Dataset entries
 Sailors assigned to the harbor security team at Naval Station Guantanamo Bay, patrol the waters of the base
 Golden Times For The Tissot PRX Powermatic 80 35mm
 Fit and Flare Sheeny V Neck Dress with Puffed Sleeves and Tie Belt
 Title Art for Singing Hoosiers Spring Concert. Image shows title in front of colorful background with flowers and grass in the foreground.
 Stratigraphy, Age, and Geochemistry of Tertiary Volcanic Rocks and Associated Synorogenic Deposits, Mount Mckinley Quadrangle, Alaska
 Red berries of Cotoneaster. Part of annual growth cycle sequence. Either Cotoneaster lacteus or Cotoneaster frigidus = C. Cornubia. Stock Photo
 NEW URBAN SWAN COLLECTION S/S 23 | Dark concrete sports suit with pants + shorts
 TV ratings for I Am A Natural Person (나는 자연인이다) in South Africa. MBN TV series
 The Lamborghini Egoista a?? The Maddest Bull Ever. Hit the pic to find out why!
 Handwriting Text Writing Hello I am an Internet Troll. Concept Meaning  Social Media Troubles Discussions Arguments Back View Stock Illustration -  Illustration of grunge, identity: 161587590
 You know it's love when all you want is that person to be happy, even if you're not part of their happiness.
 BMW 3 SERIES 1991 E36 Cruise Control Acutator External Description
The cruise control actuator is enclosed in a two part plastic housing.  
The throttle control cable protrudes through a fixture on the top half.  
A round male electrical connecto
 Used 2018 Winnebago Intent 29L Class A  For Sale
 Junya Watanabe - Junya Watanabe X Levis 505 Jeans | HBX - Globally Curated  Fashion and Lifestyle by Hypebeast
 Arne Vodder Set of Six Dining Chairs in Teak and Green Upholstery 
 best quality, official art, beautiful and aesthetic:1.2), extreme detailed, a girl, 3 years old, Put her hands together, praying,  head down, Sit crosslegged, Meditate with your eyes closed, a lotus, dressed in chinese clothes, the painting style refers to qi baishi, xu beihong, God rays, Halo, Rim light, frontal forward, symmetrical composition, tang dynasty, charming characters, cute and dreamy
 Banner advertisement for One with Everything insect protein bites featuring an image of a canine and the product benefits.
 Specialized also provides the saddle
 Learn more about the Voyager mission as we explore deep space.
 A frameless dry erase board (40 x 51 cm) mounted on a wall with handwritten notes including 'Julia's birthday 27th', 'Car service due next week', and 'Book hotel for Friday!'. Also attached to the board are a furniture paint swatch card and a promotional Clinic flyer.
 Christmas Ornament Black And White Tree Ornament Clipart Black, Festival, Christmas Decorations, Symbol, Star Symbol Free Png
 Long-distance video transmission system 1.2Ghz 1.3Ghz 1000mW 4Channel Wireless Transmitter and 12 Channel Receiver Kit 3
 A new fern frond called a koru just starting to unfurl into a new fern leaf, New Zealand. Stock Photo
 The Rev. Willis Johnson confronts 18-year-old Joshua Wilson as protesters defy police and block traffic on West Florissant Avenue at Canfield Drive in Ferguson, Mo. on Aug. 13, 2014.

ACTIVITY
Return each line from the entries above that includes "Stock".

EXERCISE ANSWER
 Red berries of Cotoneaster. Part of annual growth cycle sequence. Either Cotoneaster lacteus or Cotoneaster frigidus = C. Cornubia. Stock Photo
 Handwriting Text Writing Hello I am an Internet Troll. Concept Meaning  Social Media Troubles Discussions Arguments Back View Stock Illustration -  Illustration of grunge, identity: 161587590
 A new fern frond called a koru just starting to unfurl into a new fern leaf, New Zealand. Stock Photo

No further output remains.